● **RECORDED DATA**:
# # #
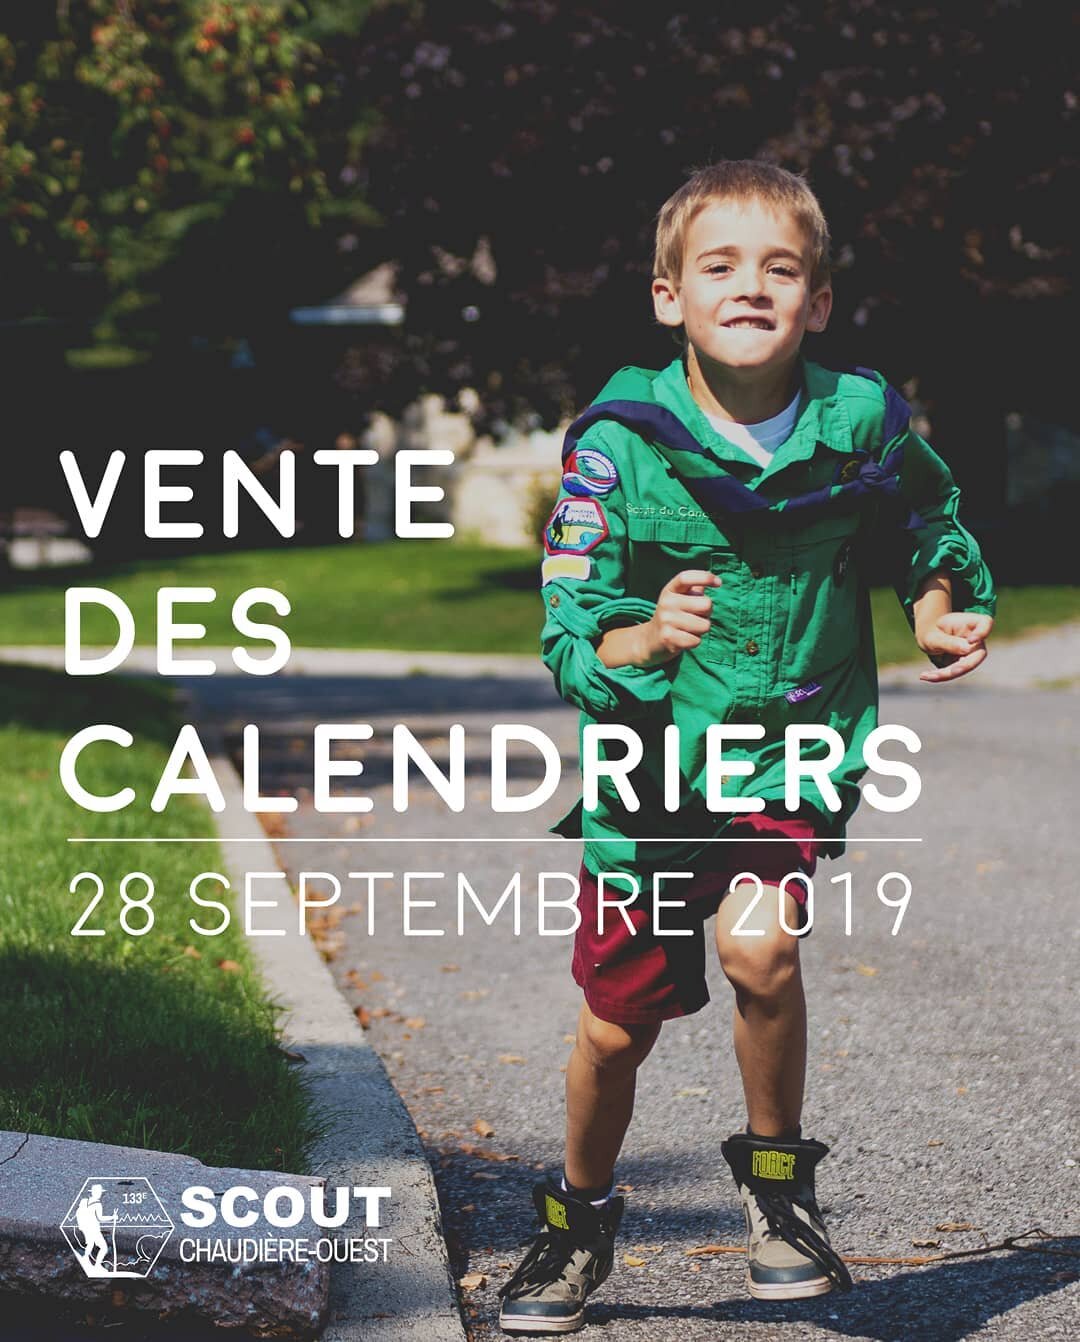 👉Notre vente des calendriers scouts pour l'ann&eacute;e 2020 aura lieu ce samedi 28 septembre. 👈 Nous sillonnerons les rues des secteurs Saint-Nicolas et Saint-R&eacute;dempteur, soyez donc pr&ecirc;ts &agrave; nous accueillir en ouvrait vos portes
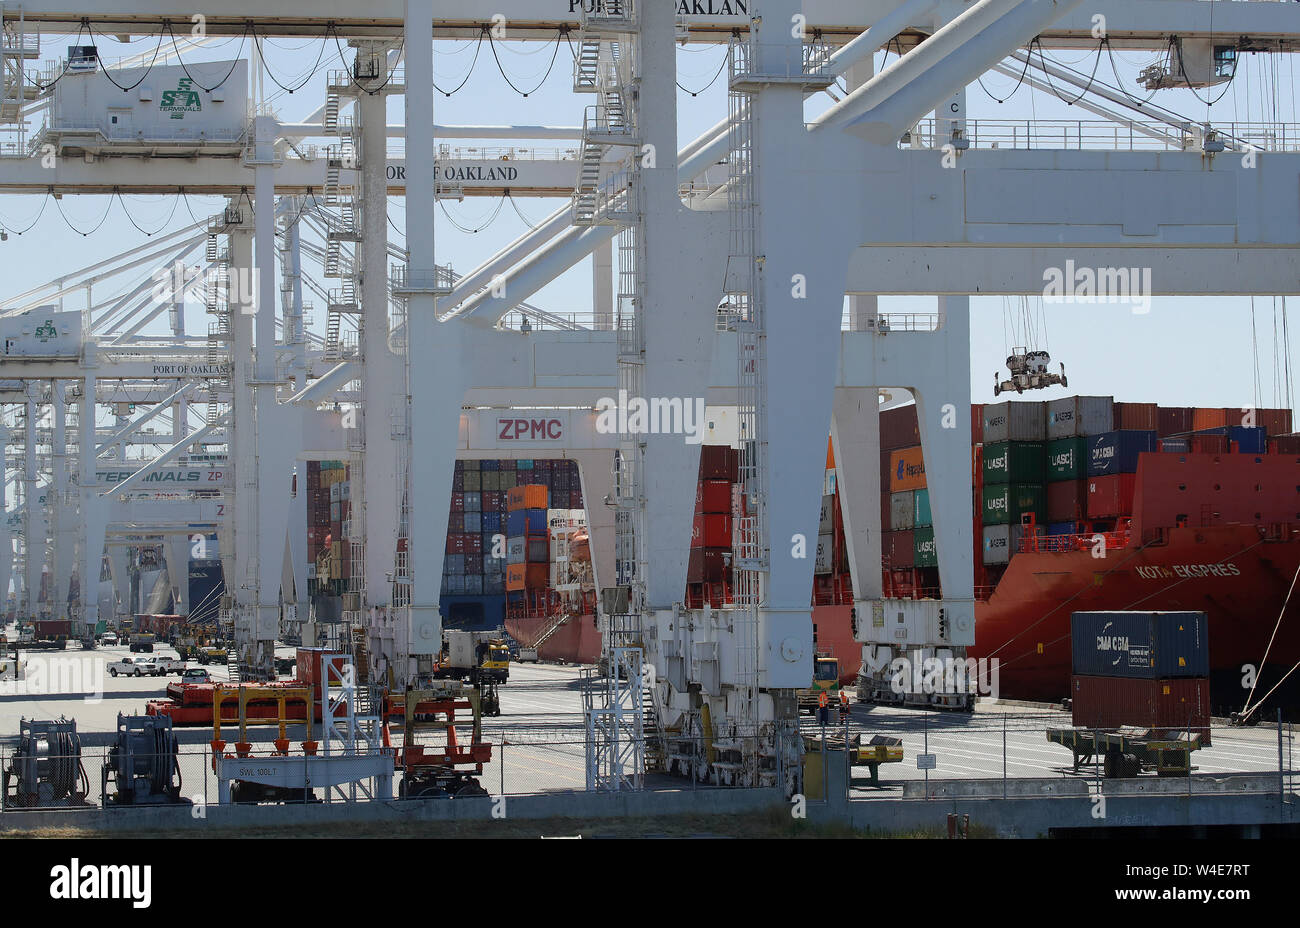 Das containerschiff Kota Ekspres ist im Hafen von Oakland, Oakland, Kalifornien USA entladen. Stockfoto
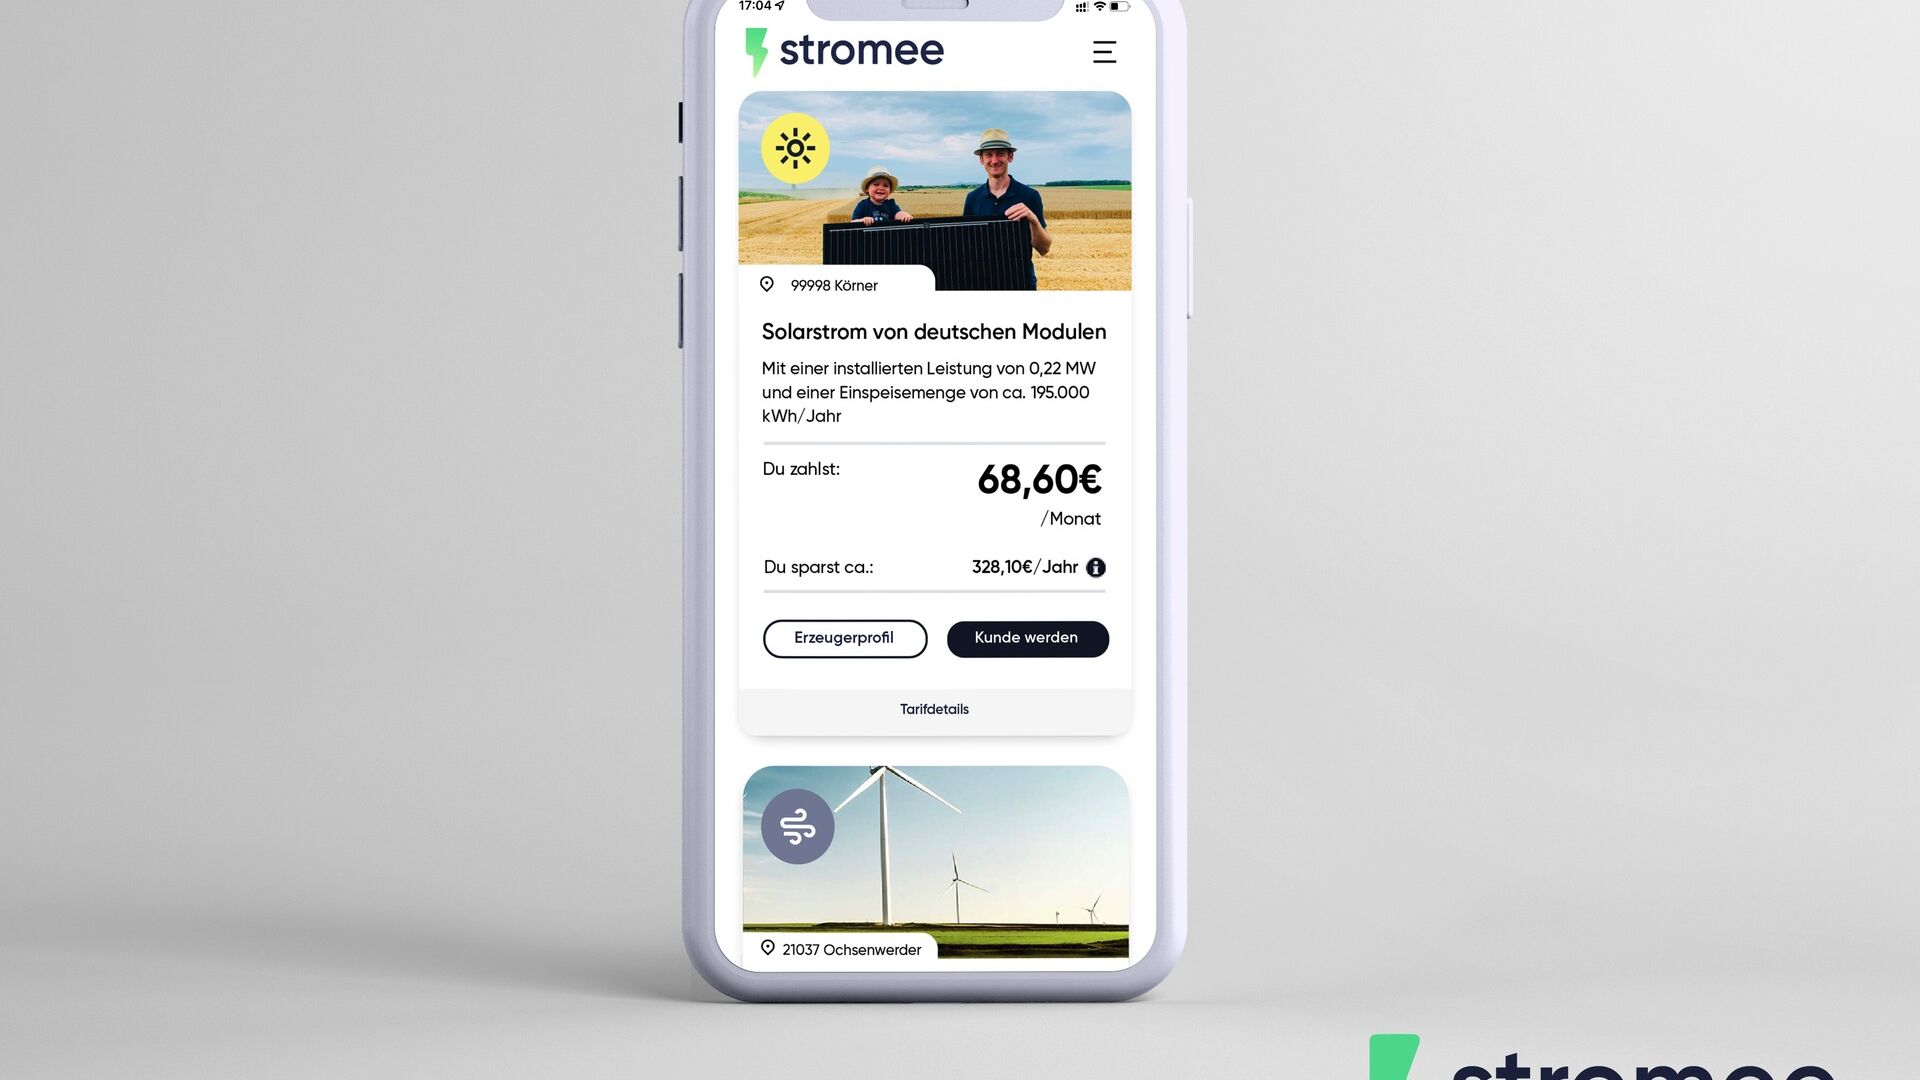 Deutschland: Die Stromee-Firmen-App auf dem Smartphone
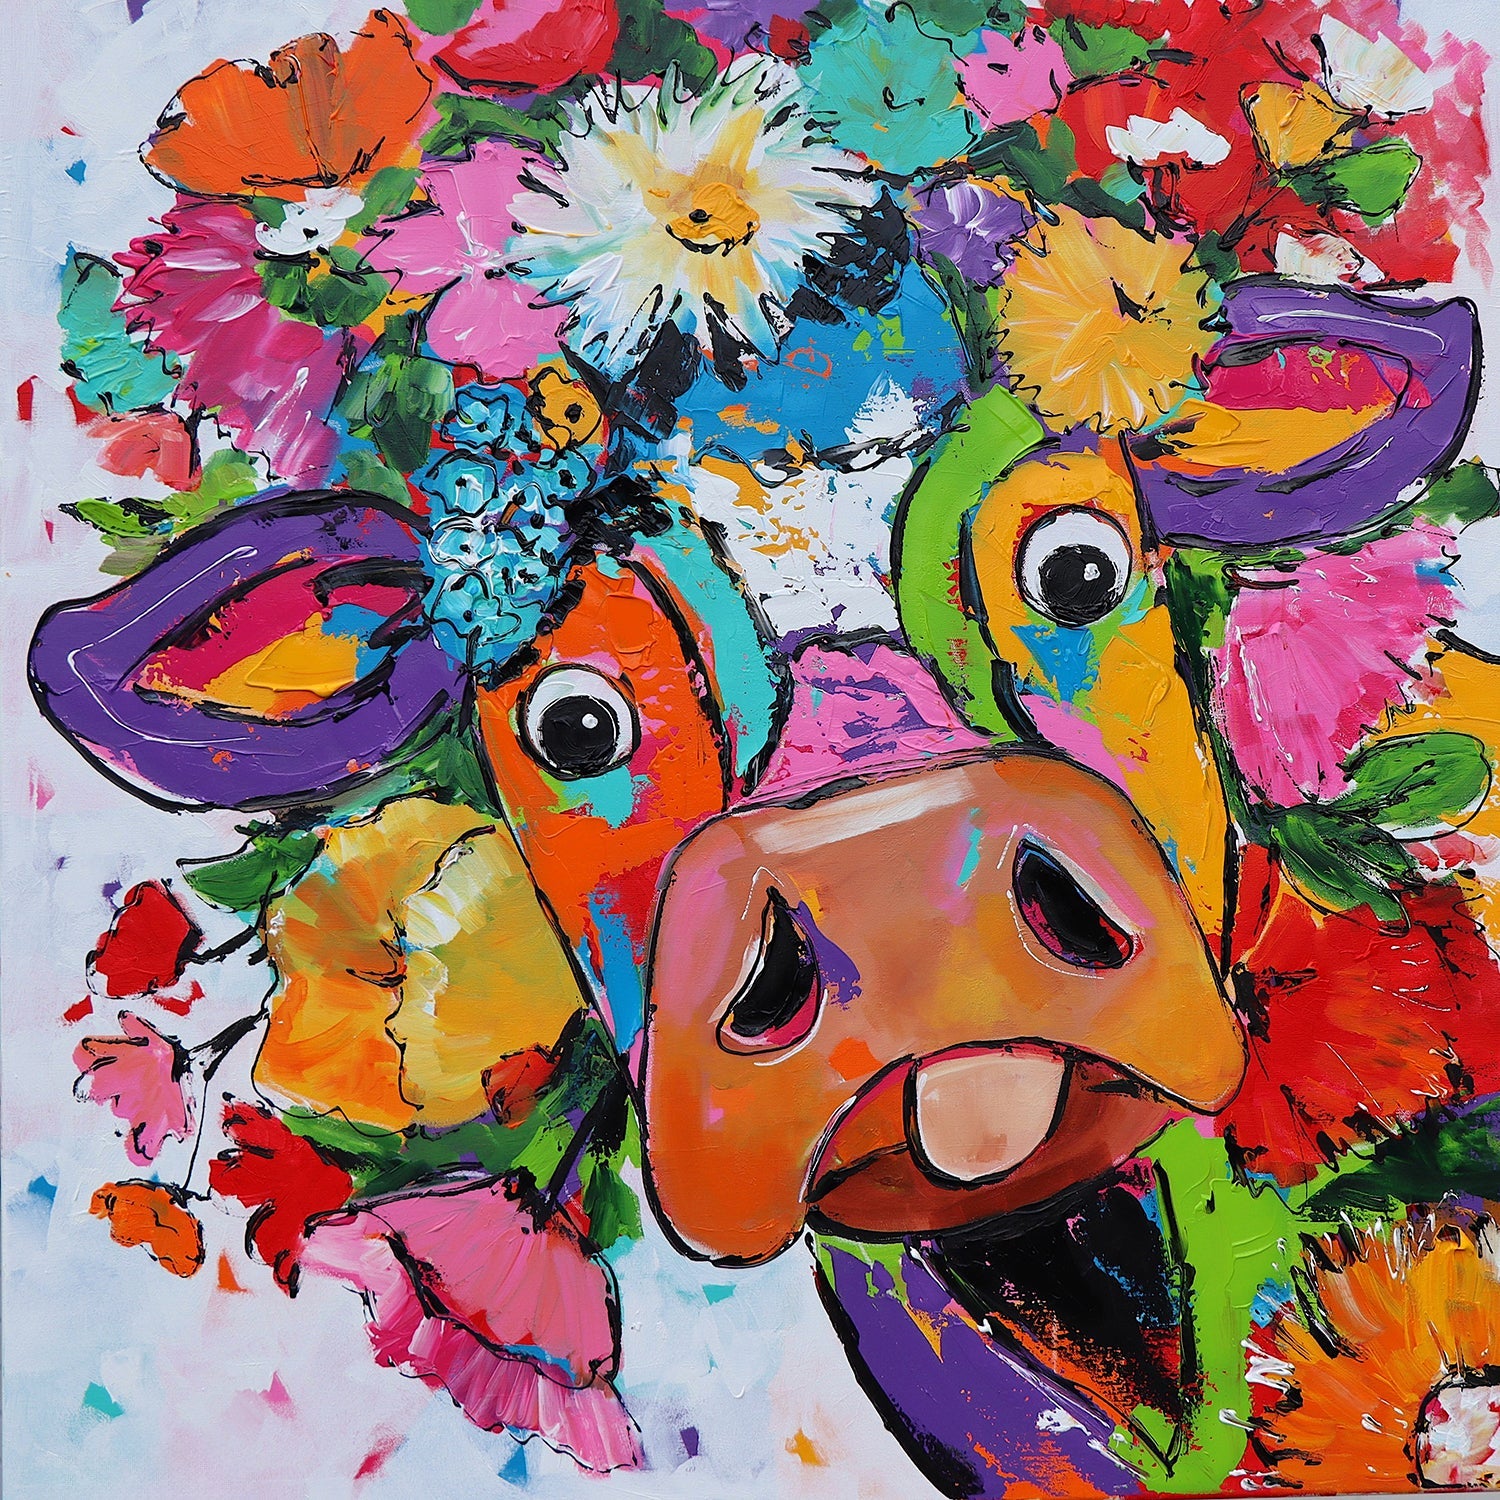 Fröhliche Malerei - Kuh mit Blumen
# # #
● **TASK ITEM**: Omit pictures; set down the rest of the material word for word.

● **ANSWER AREA**:
 👉Notre vente des calendriers scouts pour l'ann&eacute;e 2020 aura lieu ce samedi 28 septembre. 👈 Nous sillonnerons les rues des secteurs Saint-Nicolas et Saint-R&eacute;dempteur, soyez donc pr&ecirc;ts &agrave; nous accueillir en ouvrait vos portes
 Das containerschiff Kota Ekspres ist im Hafen von Oakland, Oakland, Kalifornien USA entladen. Stockfoto
 Deutschland: Die Stromee-Firmen-App auf dem Smartphone
 Fröhliche Malerei - Kuh mit Blumen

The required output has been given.